**ASSIGNMENT:** The whole listing, please: repeat it exactly, with the pictures left out.

**RECORDED INFORMATION:**

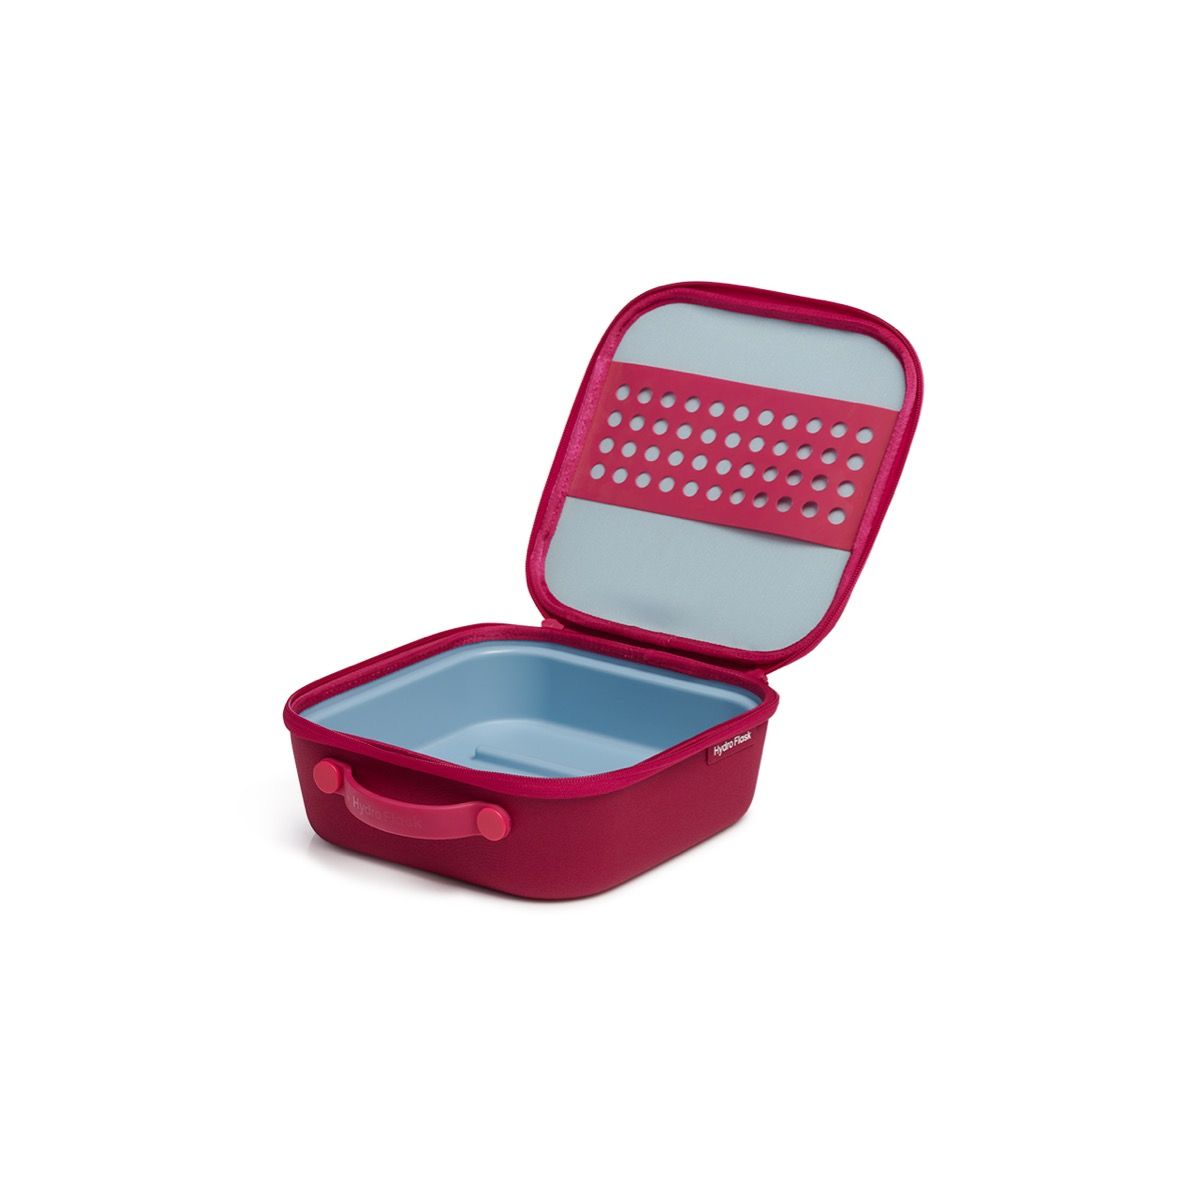 Kids Small Insulated Lunch Box Peony
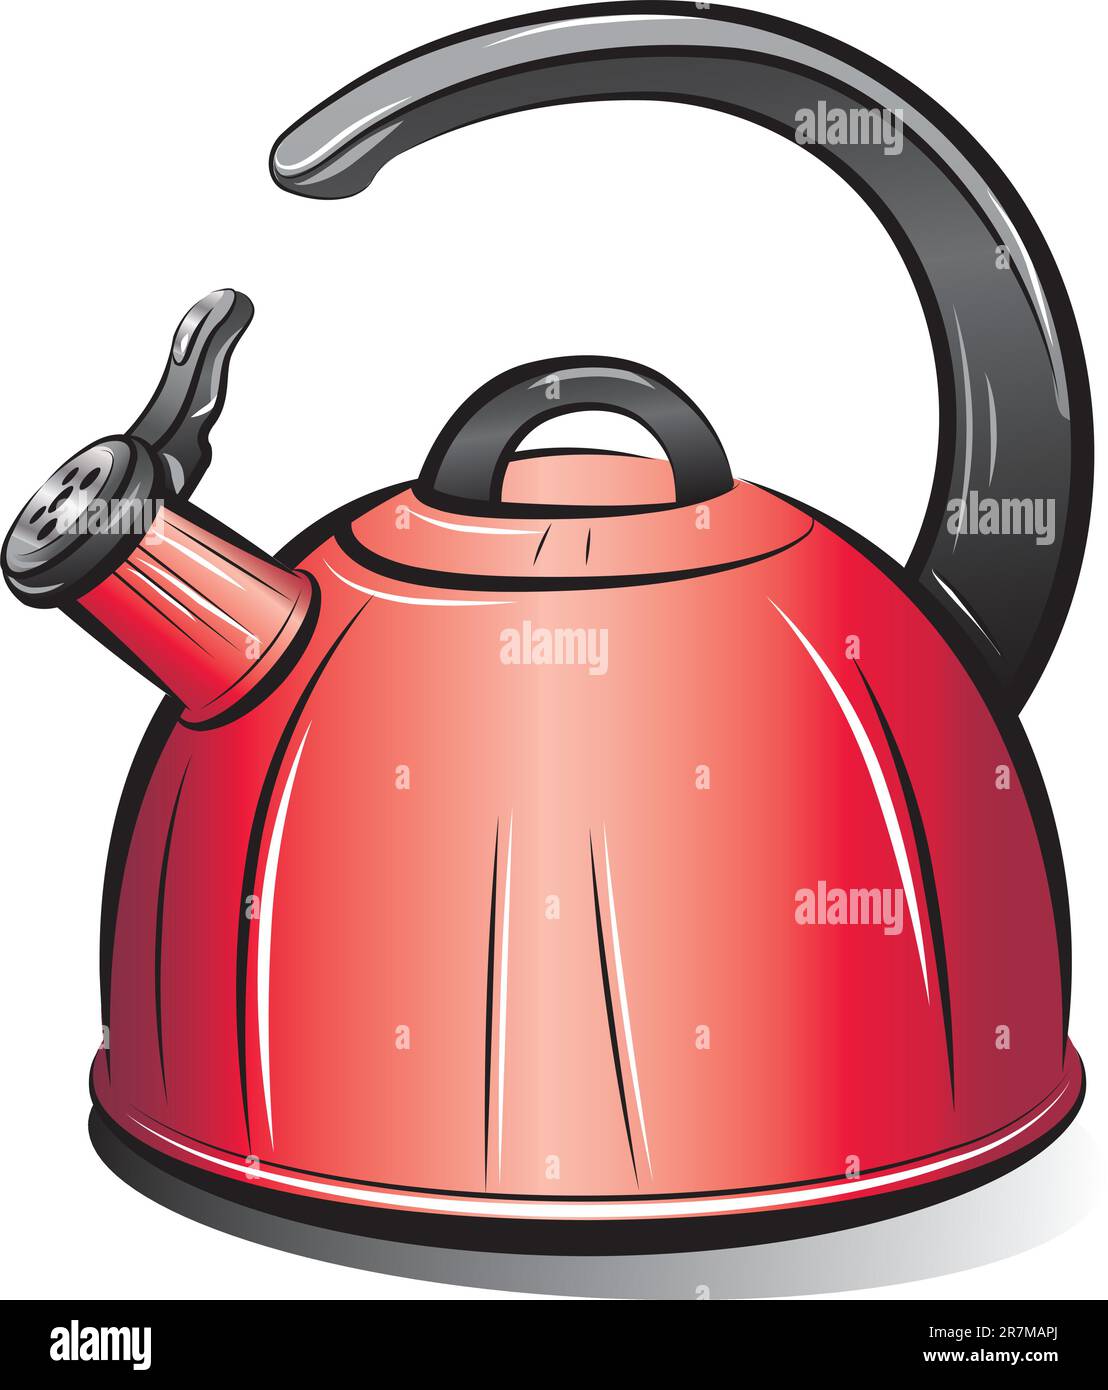 https://c8.alamy.com/comp/2R7MAPJ/drawing-of-the-red-teapot-kettle-on-white-background-vector-illustration-2R7MAPJ.jpg
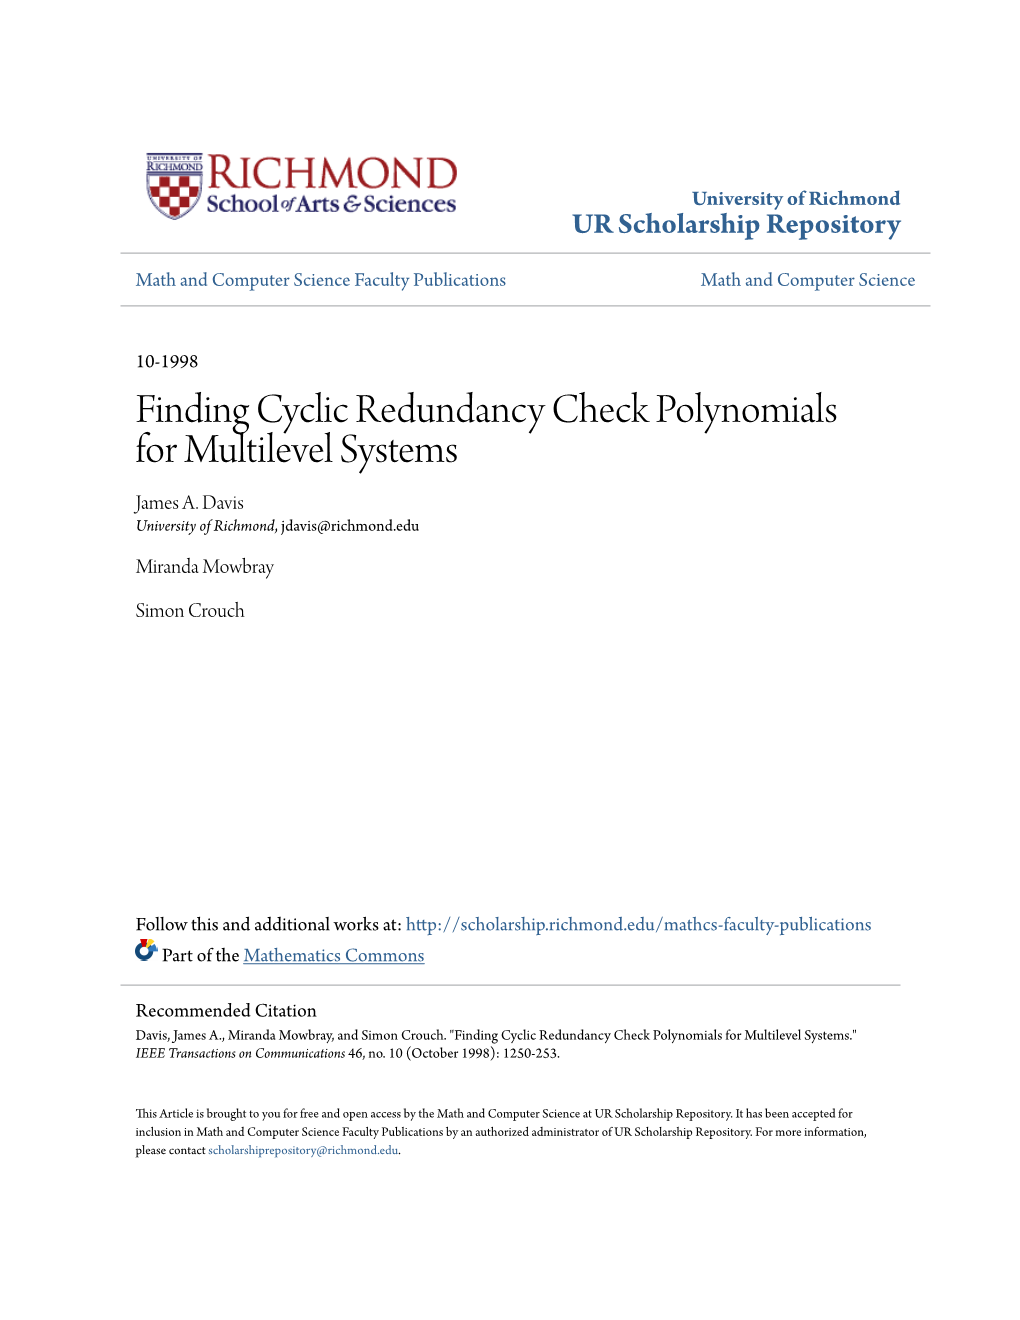 Finding Cyclic Redundancy Check Polynomials for Multilevel Systems James A

**SOLUTION:**
 Kids Small Insulated Lunch Box Peony
 https://c8.alamy.com/comp/2R7MAPJ/drawing-of-the-red-teapot-kettle-on-white-background-vector-illustration-2R7MAPJ.jpg
 Finding Cyclic Redundancy Check Polynomials for Multilevel Systems James A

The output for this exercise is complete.